# Outlook Synchronisation mit mehreren Rechnern



## PhoenixDH (27. Dezember 2006)

Gibt es eine Möglichkeit, Outlook auf mehreren Rechnern zu synchronisieren.

D.h. ich habe einen Desktop PC und ein Laptop, beide sind identisch konfiguriert. Das Problem ist, dass wenn ich auf einem die E-Mails abhole, ich sie auf dem anderen nicht zur Verfügung habe. Ich möchte es aber so, das die E-Mails vom Server geholt und dabei auf dem Server gelöscht werden.

Gibt es jetzt eine Möglichkeit, das ich beide lokalen Mailboxen, Kontakte, Kalender etc. miteinander synchronisieren kann?

Dank euch recht herzlich!


----------



## gorim (28. Dezember 2006)

Geht ohne Drittprogramme nicht. Eine Alternative wäre die pst-Datei in einem Netzwerk zentral abzulegen. Das wird aber von MS nicht supportet. Man muß auch aufpassen, daß nicht gleichzeitig auf die Datei zugegriffen werden kann.

Eine andere Möglichkeit wäre ein Exchange-Postfach zu mieten. 

bis dann
gorim


----------



## PhoenixDH (28. Dezember 2006)

Was wären Alternativen an Drittprogrammen?


----------



## gorim (29. Dezember 2006)

http://www.gangl.de  Weiß jetzt nicht genau wie das Produkt heißt. Ist aber eher als Ersatz für Exchange zu sehen.

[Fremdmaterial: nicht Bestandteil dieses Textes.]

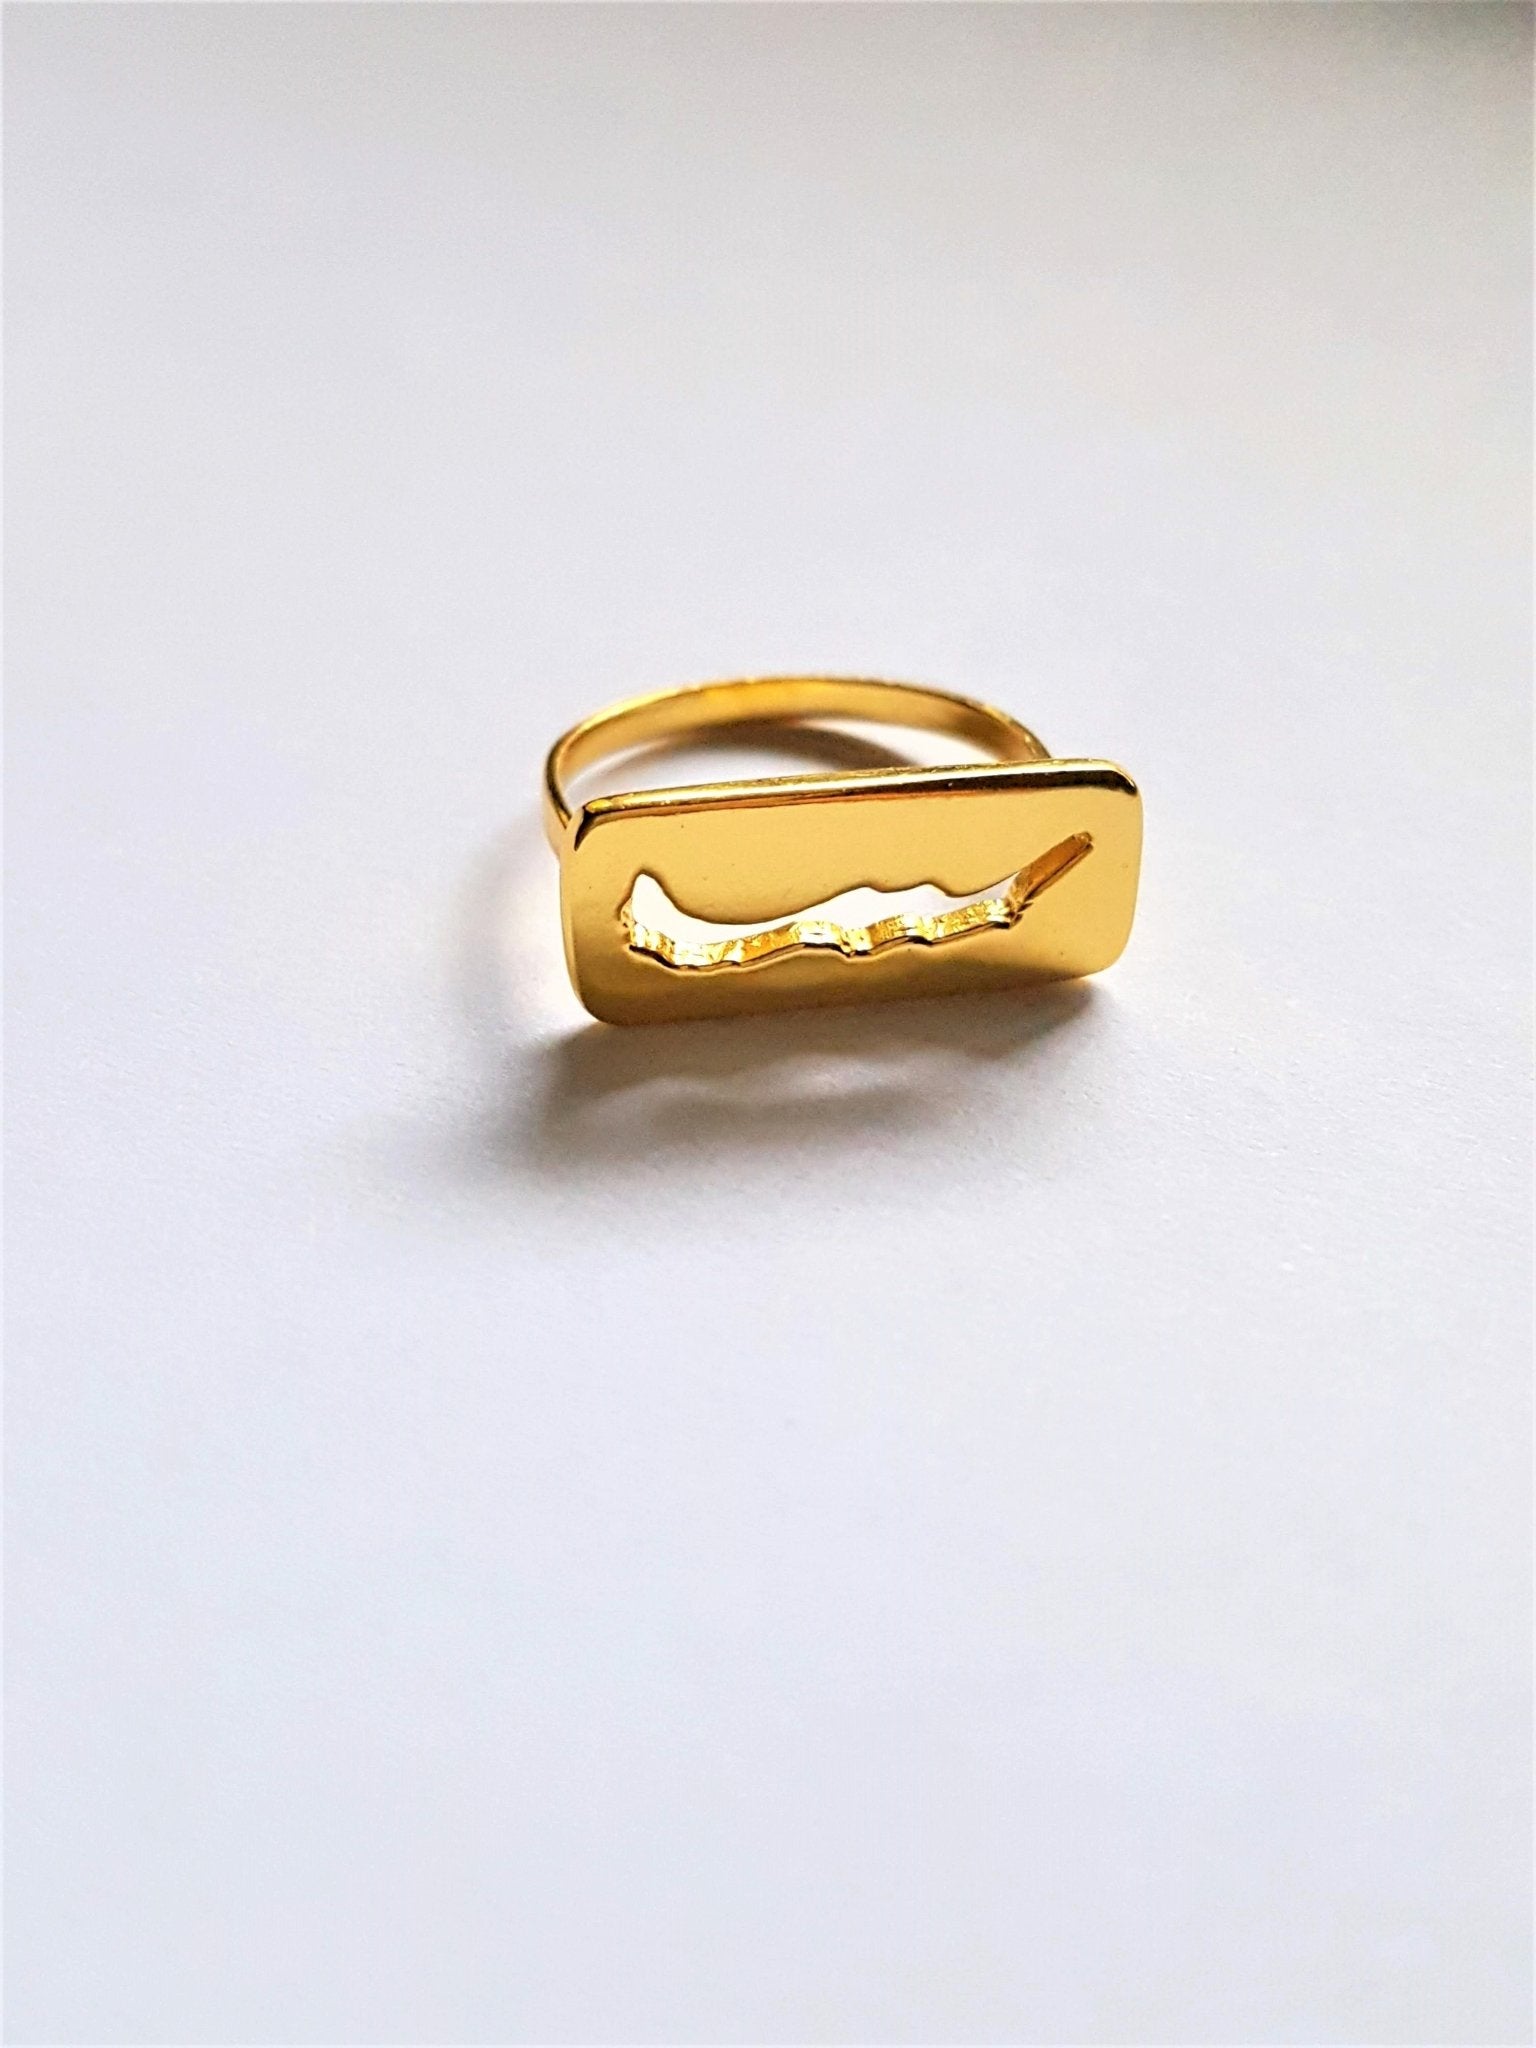 18k plated yellow gold - size 8 Savary island ring with savary island shape cut out of rectangle
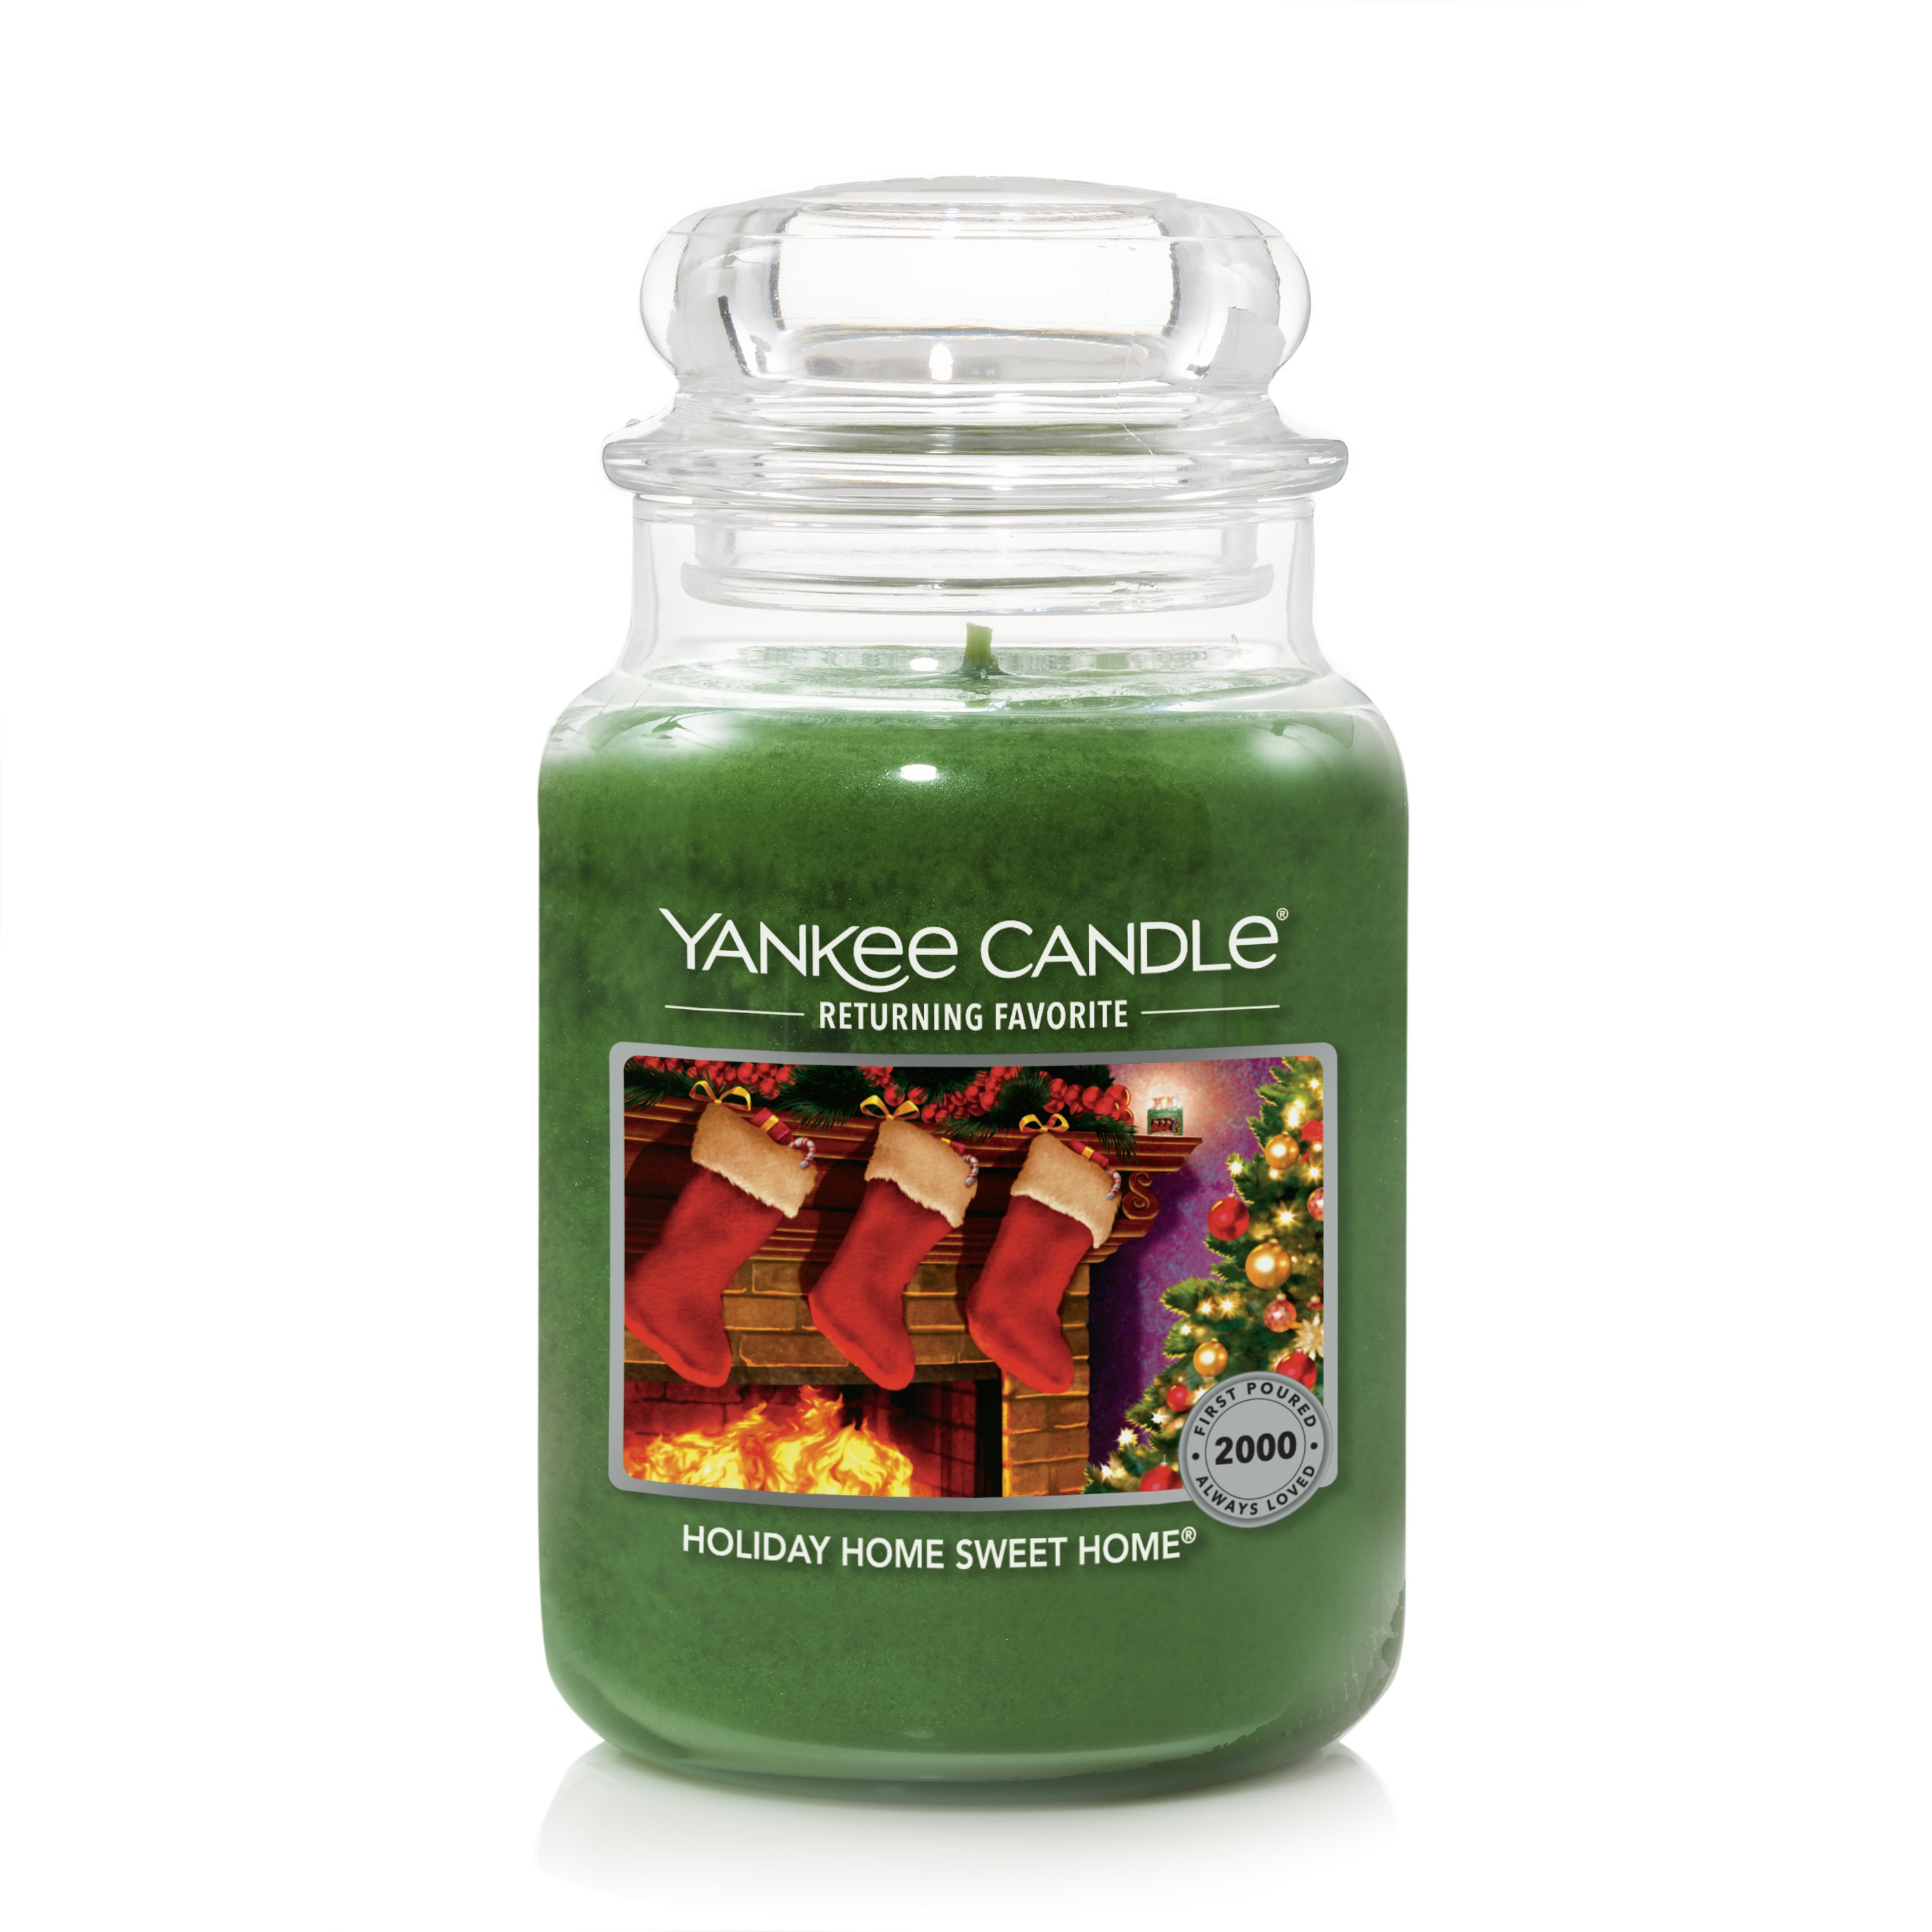 Yankee Candle Home Sweet Home - Original Large Jar Scented Candle

In der aktuellen ct steht auch noch ein kurzer Beitrag über eine ähnliche Software: http://www.syncing.net

bis dann
gorim


----------



## PhoenixDH (29. Dezember 2006)

Dank dir mal, denke das 2. wäre das was ich brauche, ich werd mir das mal ankucken!
Hört sich etwas kompliziert an, aber ich werde es testen.

Aber ich bin mittlerweile fast der Ansicht, das ich einfach die lokalen Dateien immer austausche, das ist am einfachsten, es laufen eh immer fast beide Rechner.


----------